Claudia Santelices, MA, ABD

Hispanic Health Council

Merrill Singer, PhD

Hispanic Health Council; SAUD project

The criminalization of behaviors such as the ingestion of certain mood-altering drugs creates ethical dilemmas for researchers studying those behaviors. The Syringe Access, Use, and Discard (SAUD) project is designed to uncover microcontextual factors that influence HIV and hepatitis risk behaviors of injection drug users.
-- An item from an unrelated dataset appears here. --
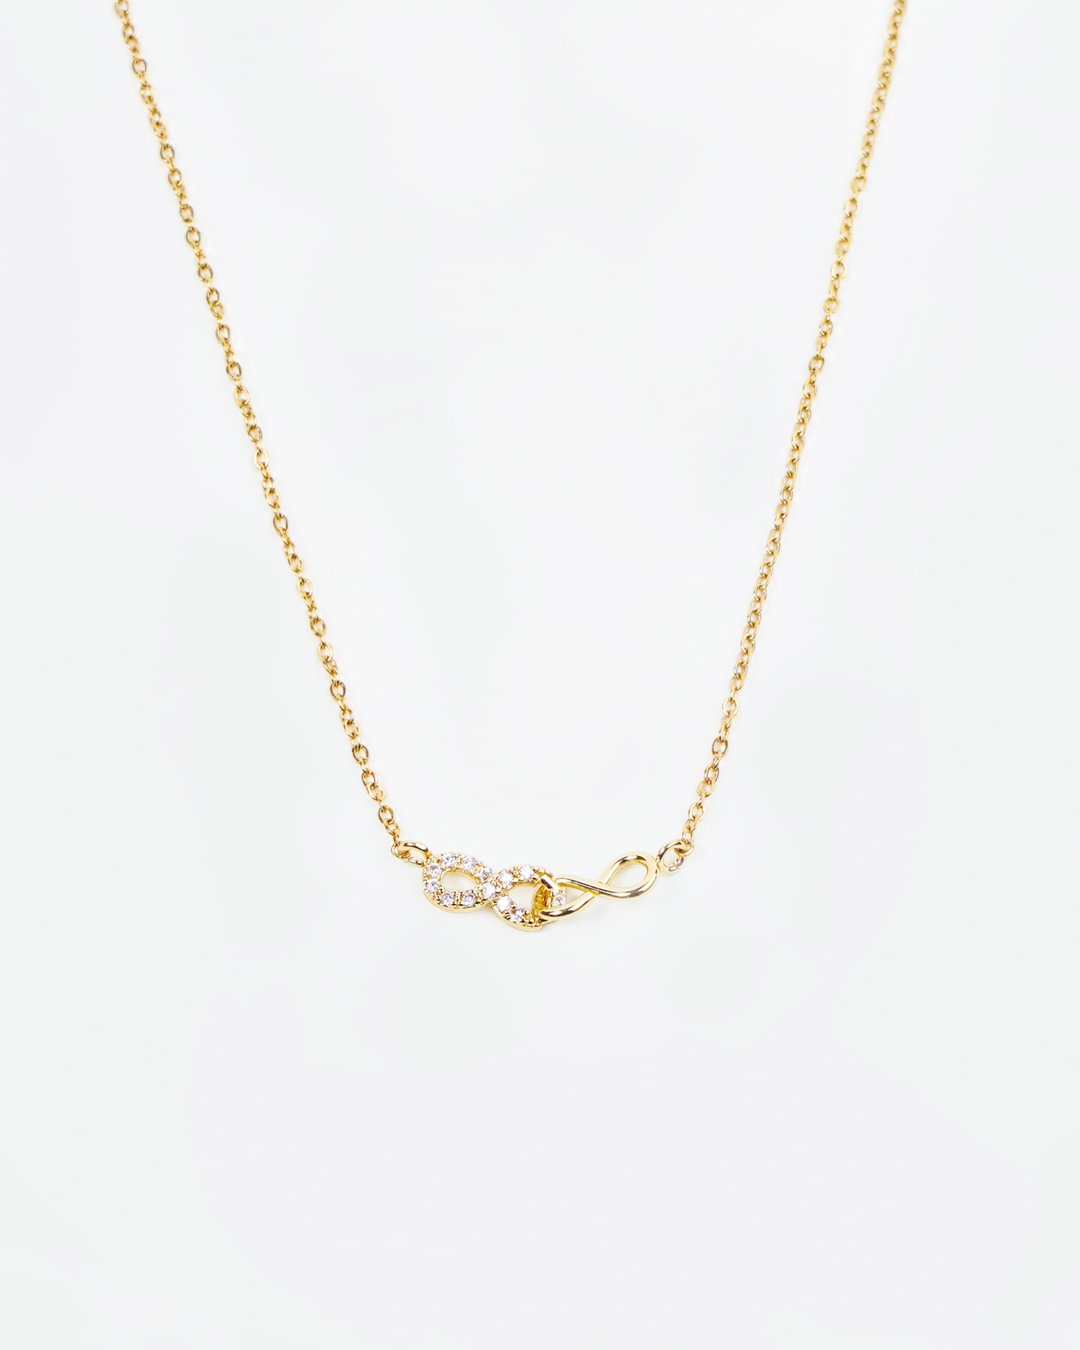 FashionV-FashionV Golden Textured Necklace
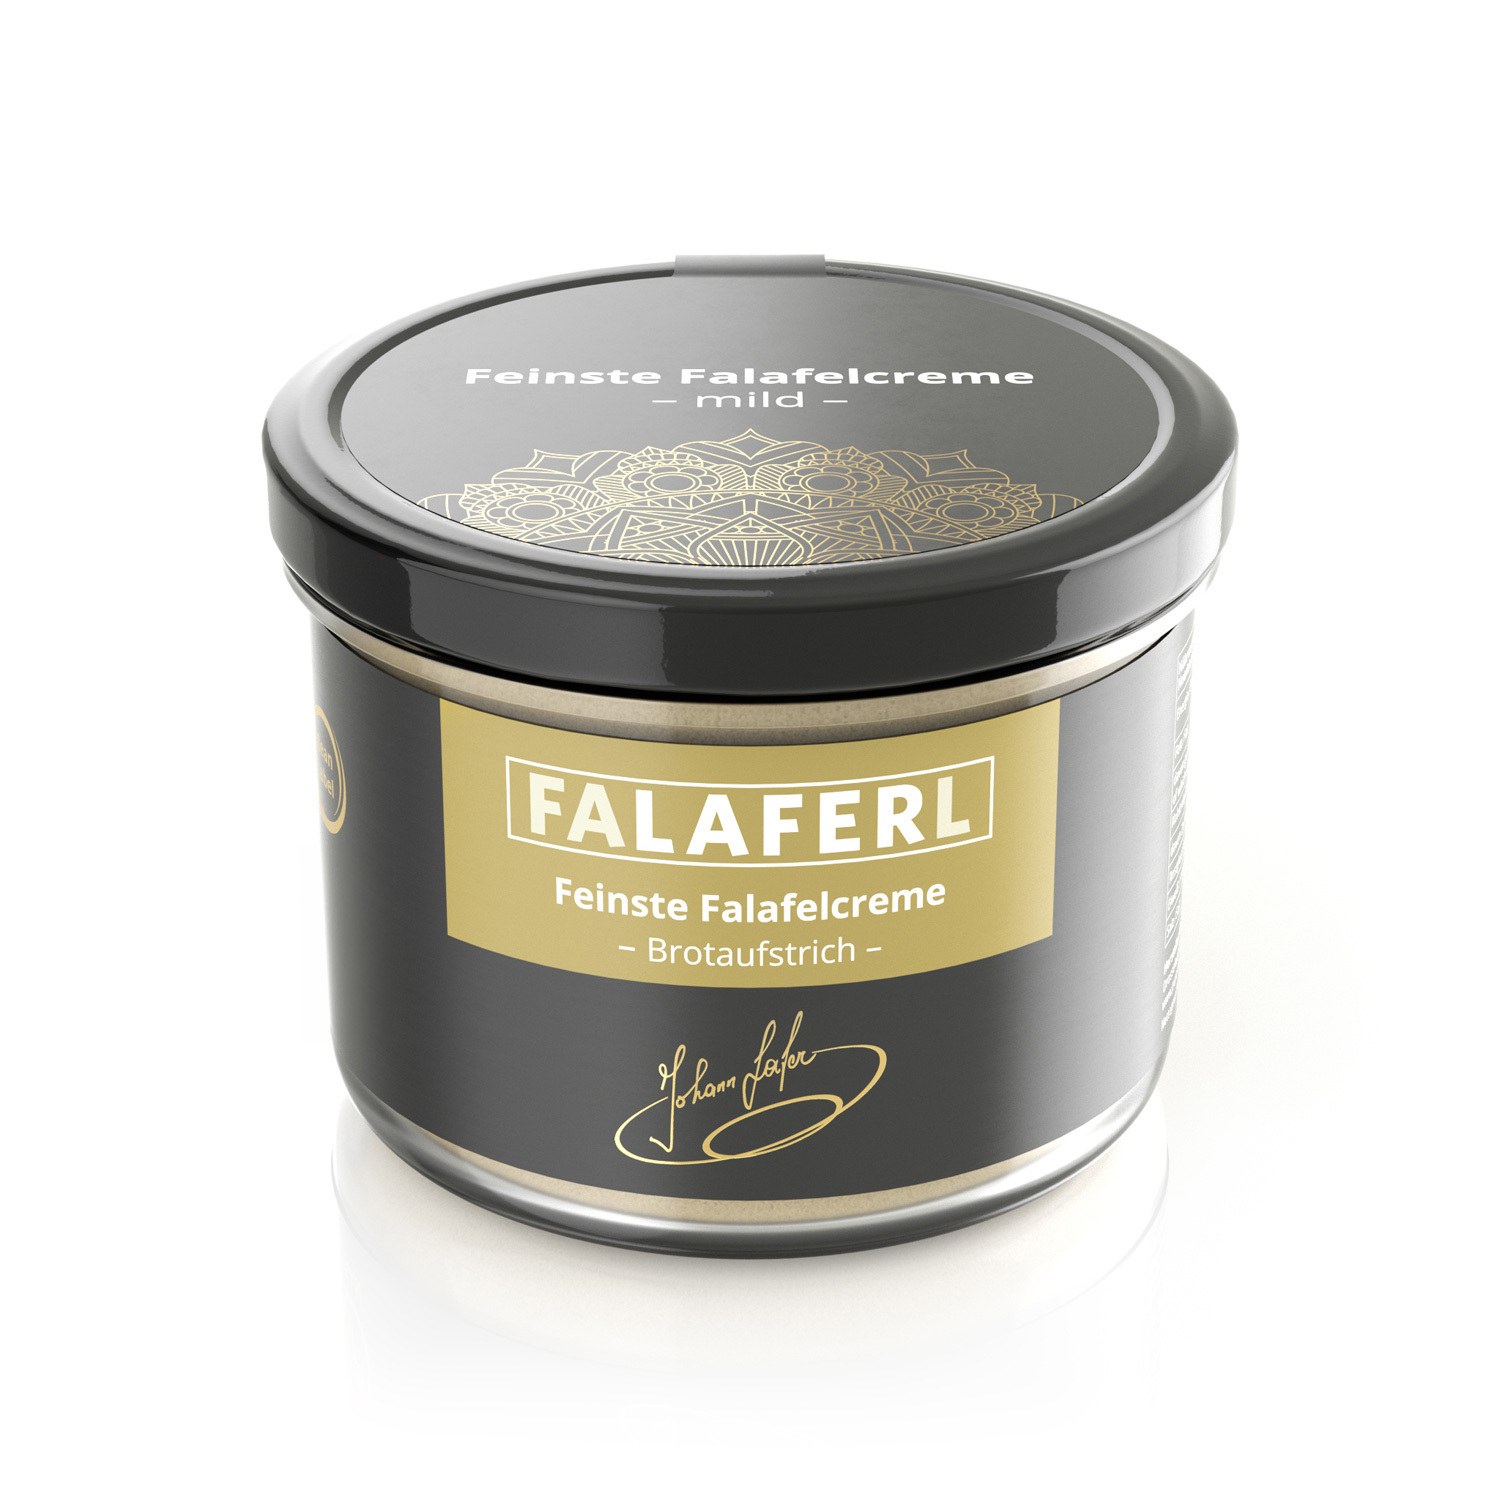 Feinste Falafelcreme -mild-

The article presents seven ethical dilemmas encountered using ethnographic methods: issues involving syringe replacement at injection locales, risks of participants’ arrest, potential disruptions in participants’ supply routes, risks of research staff arrest, threats to the protection of confidentiality, issues surrounding informed consent in working with addicts, and the confiscation of potentially incriminating information by police. The article concludes with a discussion of the limitations of traditional ethical frameworks, such as utilitarianism, for resolving these dilemmas and recommends instead improving public health professionals’capacity for practical reasoning (phronesis) through the greater use of case studies in public health curricula.